Eventually, the problem must therefore be fixed, either by replacing the whole fiber – a very costly proposition – or pinpointing the worst link sections and replacing only those.
Although financially attractive, the latter approach is hardly feasible using traditional PMD analyzers, which provide a total link PMD value rather than a section-by-section breakdown of the PMD picture.
However, newly introduced distributed PMD analyzers make it very easy to achieve, as they are specifically designed to measure PMD following an OTDR-like method, span by span.
Below is a case study that presents a situation in which a network operator tried to pinpoint the high-PMD sections of a link, without using a purpose-built distributed PMD analyzer. We then examine how opting for such an instrument would have made the assessment much more accurate and incredibly faster.
The manual solution
This article refers to an 88-kilometer fiber link that had a total PMD (end to end) of 6.2 ps. This link is part of a core network and transports voice, video and data to maximum fiber capacity. It has therefore become necessary to mitigate PMD because of the desire to transport 40 Gbps data rates.
Network technicians sectionalized the PMD by breaking the fiber into various sections and testing for PMD section by section. Knowing that PMD adds quadratically, they were able to roughly determine which sections contributed the most to the overall value of 6.2 ps.
This proved to be a very tedious and time-consuming task, as it took about a week to perform the work and had to be done at night (due to the fact that it is a working fiber).
The results gave the network technicians only a rough overview of where the network had issues. It would have been necessary to break and measure each splice-to-splice section in order to improve the results, requiring countless hours of testing and a significant increase in risk to active services.
An automated solution
The distributed PMD analyzer from Exfo (FTB-5600) completed the entire test in an hour (versus a week). There was no second-guessing of where to start and stop the routing of new fiber, as the test results are very precise.
Exfo staff first executed a quick scan with the FTB-5600 to verify the link for distance, loss and approximate PMD range. The operator then set the FTB-5600 to scan just the first 55 km and measured a total PMD value of 5.5 ps.
The results showed two main splice-to-splice sections that significantly impacted the overall PMD (very high coefficient). These sections contributed over 60 percent of the PMD seen on the entire 88 km route.
The results table above clearly shows which sections contribute the most to the link’s overall PMD. Section 7 (highlighted) contributes 14 percent, and section 10 contributes 63 percent, to a total PMD of 5.5 ps.
Using the post-processing capabilities of the FTB-5600 software, it is possible to perform a “what if” analysis of the data. The first step was to divide the offending sections using the “Section Edition” function, which allows the operator to adjust the section lengths down to the actual range of high-PMD fiber. The algorithm actually flags sections based on the locations of splice points, occasionally including acceptable fiber.

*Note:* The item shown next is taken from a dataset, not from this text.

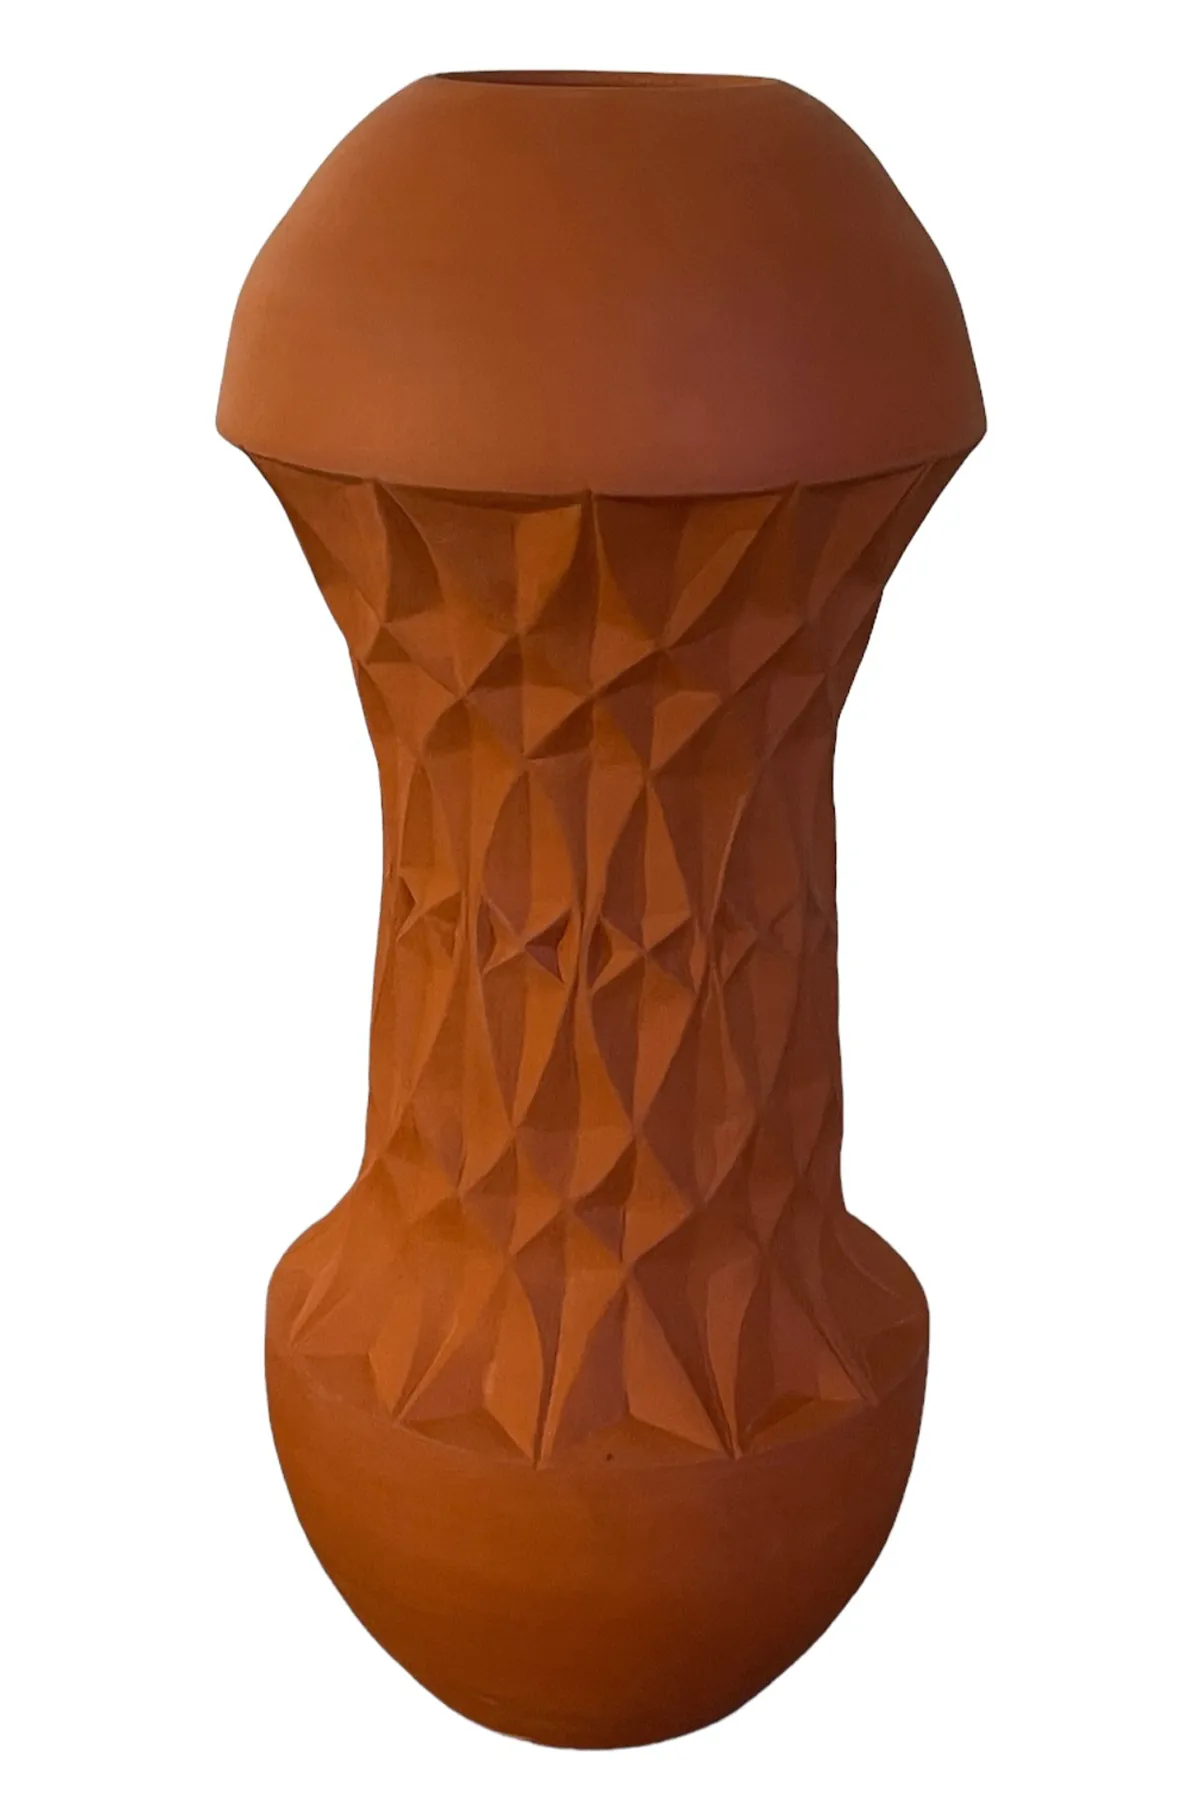 Imagination Vase. Diese in der Raku-Technik handgefertigte Keramikvase weist eine Form auf, die an die beeindruckende Architektur des Nahen Ostens erinnert. Hamburg, Middleway Gallery, Online Shop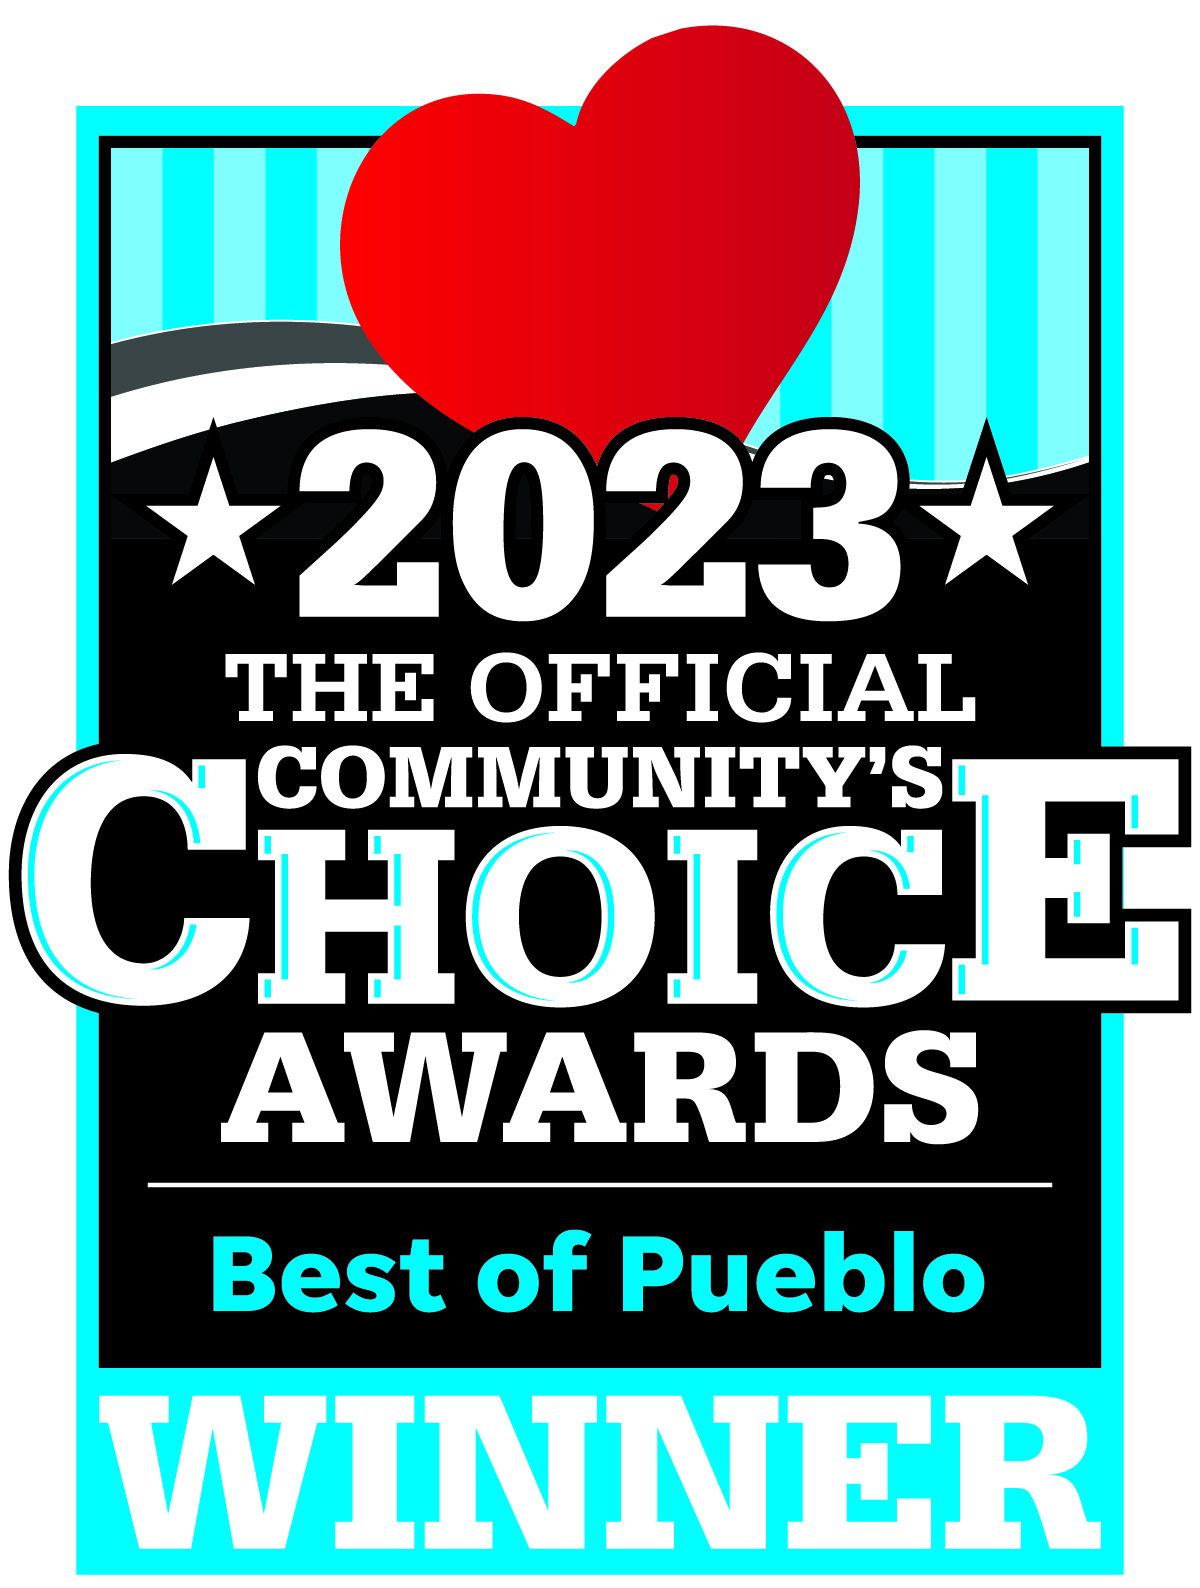 Best of Pueblo

After adjusting section lengths based on PMD alone, rather than PMD-plus-splice points, the operator then subtracts the highest sections using the “Estimation” function. Results can then be observed as if offending sections had been replaced with pristine optical fiber. The table below shows the results of that exercise.
We can note that after setting the offending sections’ PMD to 1 ps, the cumulative PMD is reduced to 2.9 ps. This exercise only required a few minutes to reveal the outcome of replacing two sections.
Additionally, since section 7 only contributed approximately 14 percent to the overall PMD, it is worthwhile to conduct the “what if” exercise by only removing the contribution of the worst section (section 10). The table below shows the outcome of this exercise.
It quickly becomes clear that replacing section 10 (6.8781 km of fiber) will reduce total PMD to 3.5 ps. Replacing both offending sections (sections 7 and 10, with a combined length of just over 8 km) will yield a PMD value of approximately 2.9 ps for the measured portion of the link.
The graphic below shows the offending sections.
Using the most expedient method available at the time, the network operator manually sectionalized the problem down to an 88 km portion of the fiber link and allocated money to replace the entire section. Using Exfo’s FTB-5600 Distributed PMD Analyzer, the results have been refined and the operator may now elect to only replace 8 km of optical fiber – leading to substantial cost savings.
Assuming a cost of $2.50 per meter to replace installed optical fiber, the first method (i.e., replacing the entire 88 km link) would cost $220,000. With the second method (i.e., replacing only 8 km of fiber), the cost would be $20,000 – a savings of $200,000.
Moreover, this does not take into account the savings in labor associated with a crew working for one week at night to manually sectionalize the problem rather than using Exfo’s distributed PMD analyzer (which reduces that effort to one hour), a figure that could easily reach $20,000 for a crew. Therefore, total savings can be as high as $220,000 for this particular case.
It is worth noting that approximately half of this 88 km link was aerial fiber, which reduces replacement costs to a certain extent. Should the entire link have been buried or installed in underground conduits, costs would have been substantially higher.
Also worth noting: Actual replacement costs vary considerably and are dependent upon the environment. For example, replacing aerial fiber in a metropolitan environment may cost as much as $20 per meter, while replacing a similar aerial fiber in a rural environment is considerably less, as low as $2.50 per meter.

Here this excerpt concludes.